EXERCISE: Given the entries below, would you transcribe exactly the lines starting at the one with "bolshoy morskoy zmey" and ending at the one with "Схема зала Зеленый театр ВДНХ. Сцена на воде", both kept, pictures omitted, nothing extra?
*** MATERIAL FOR THIS TASK ***
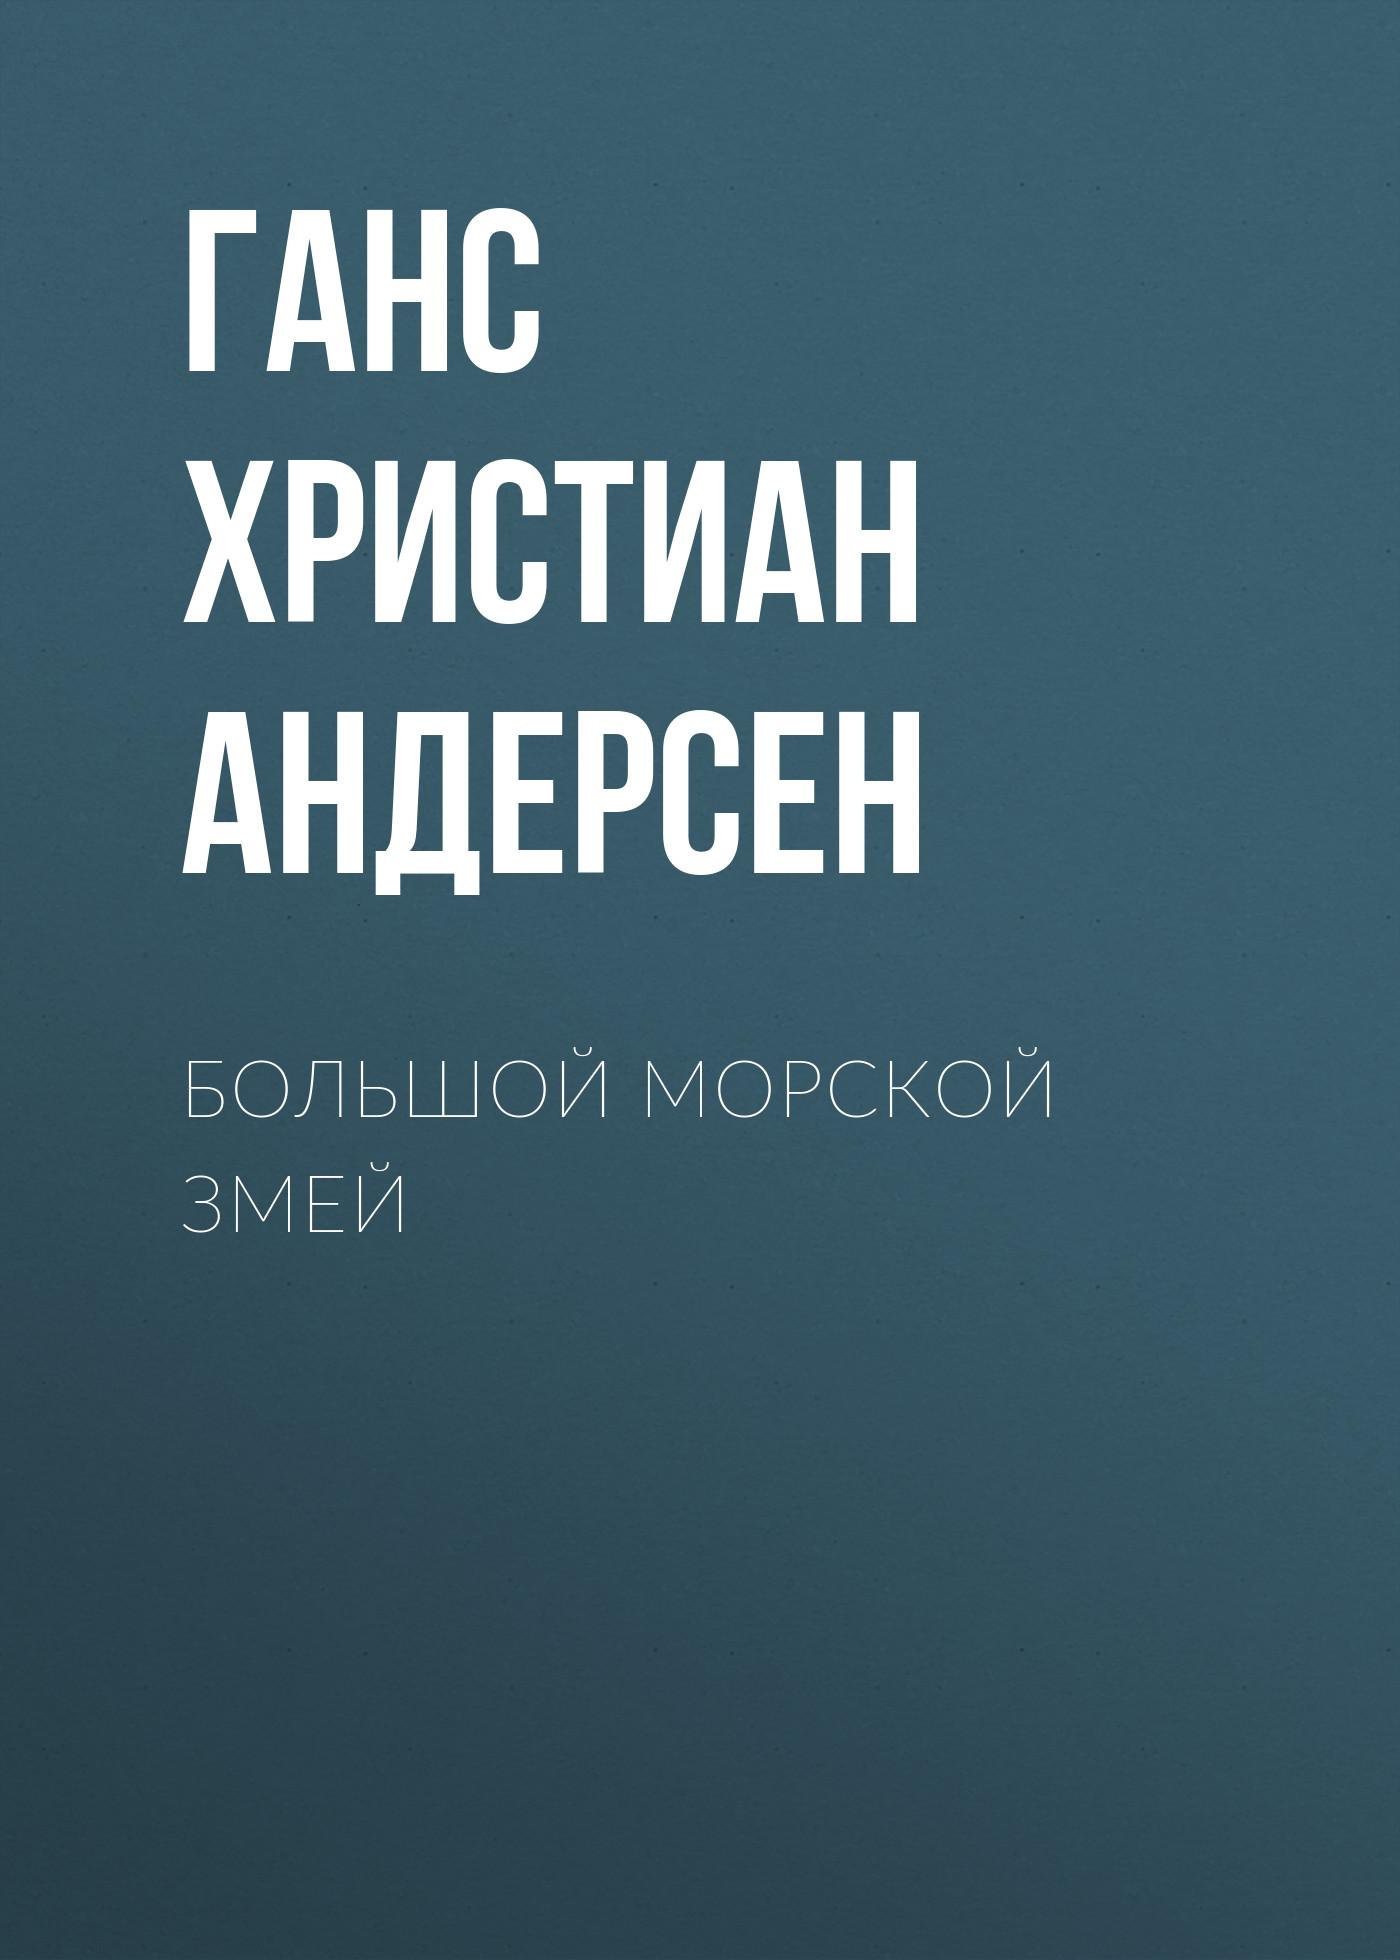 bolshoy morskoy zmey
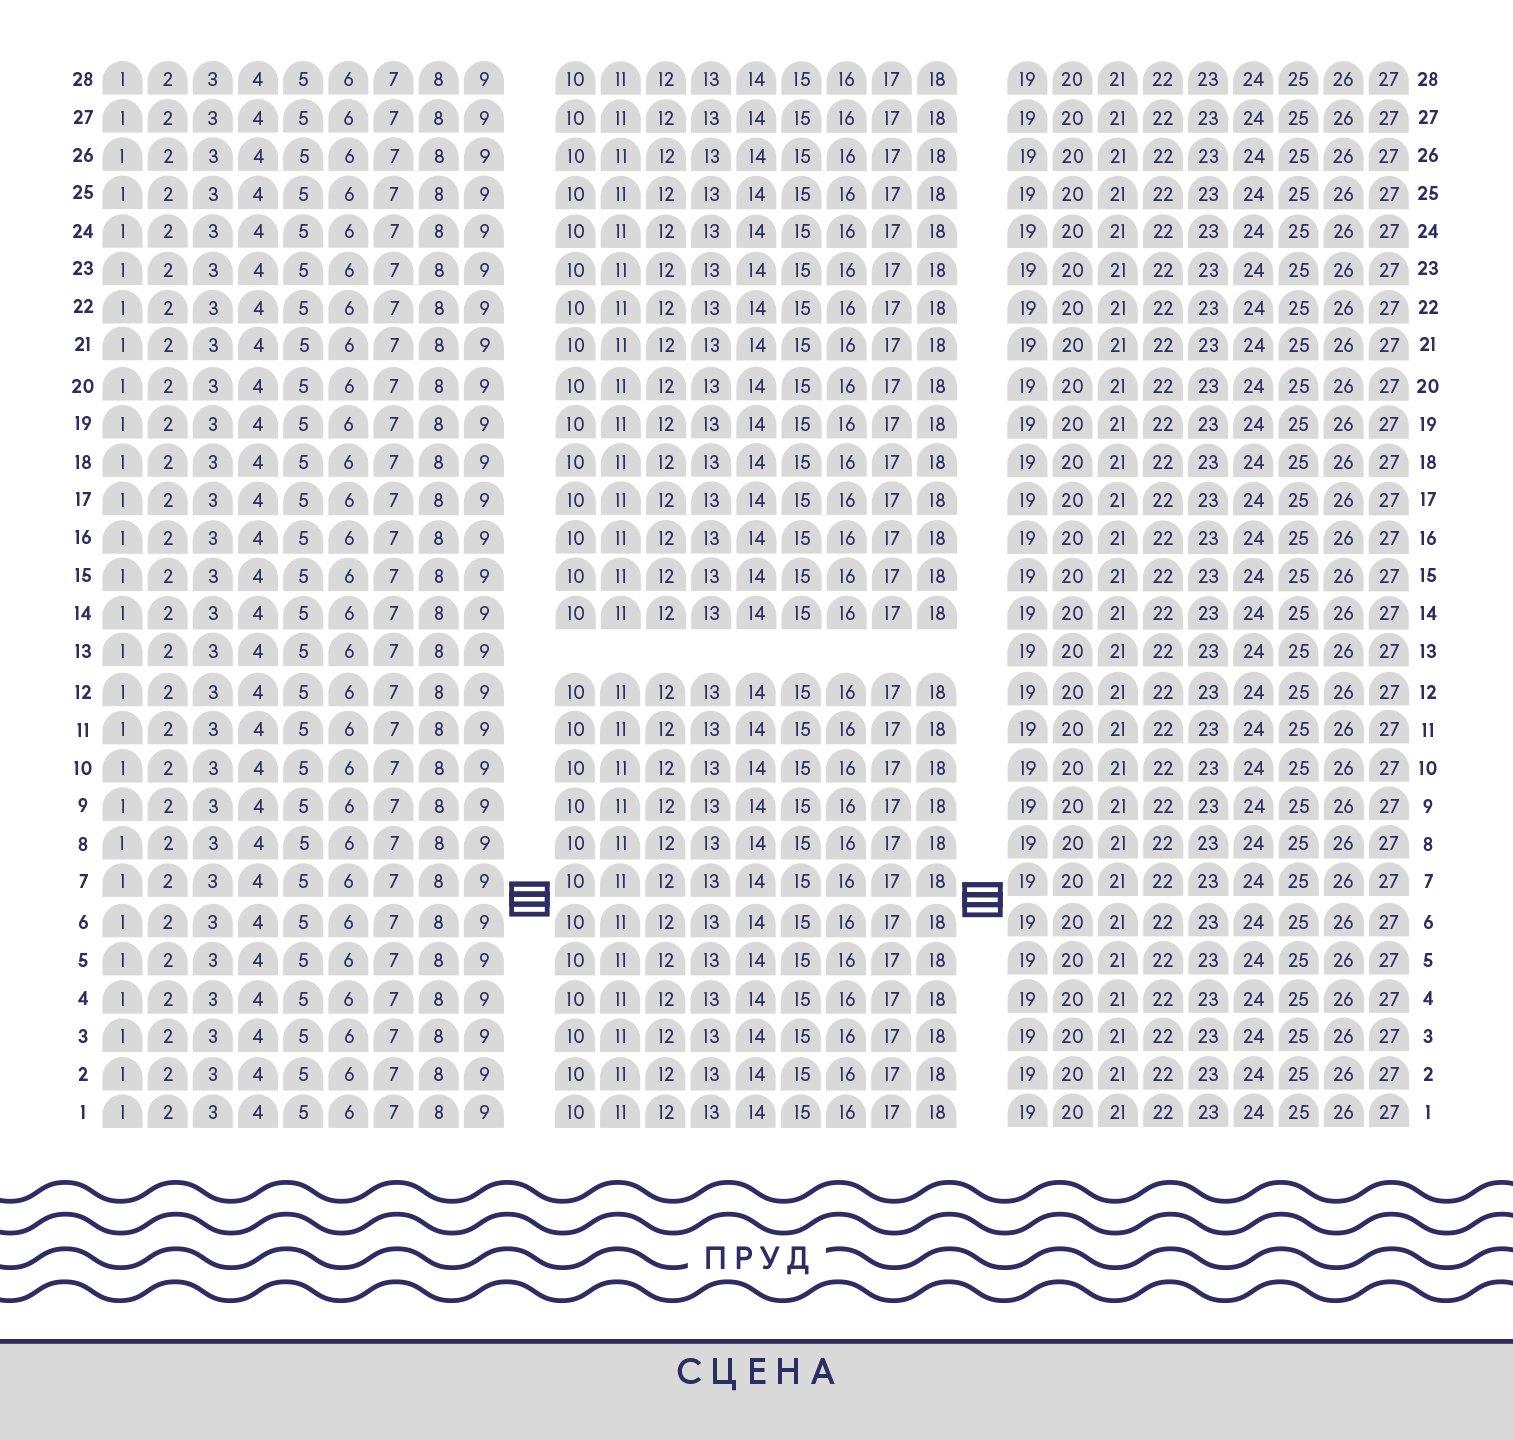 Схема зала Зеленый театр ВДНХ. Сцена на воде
*** End of MATERIAL FOR THIS TASK ***
*** MATERIAL FOR THIS TASK ***
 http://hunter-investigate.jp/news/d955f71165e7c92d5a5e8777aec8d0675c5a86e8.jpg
*** End of MATERIAL FOR THIS TASK ***
ANSWER TO THE PROBLEM:
 bolshoy morskoy zmey
 Схема зала Зеленый театр ВДНХ. Сцена на воде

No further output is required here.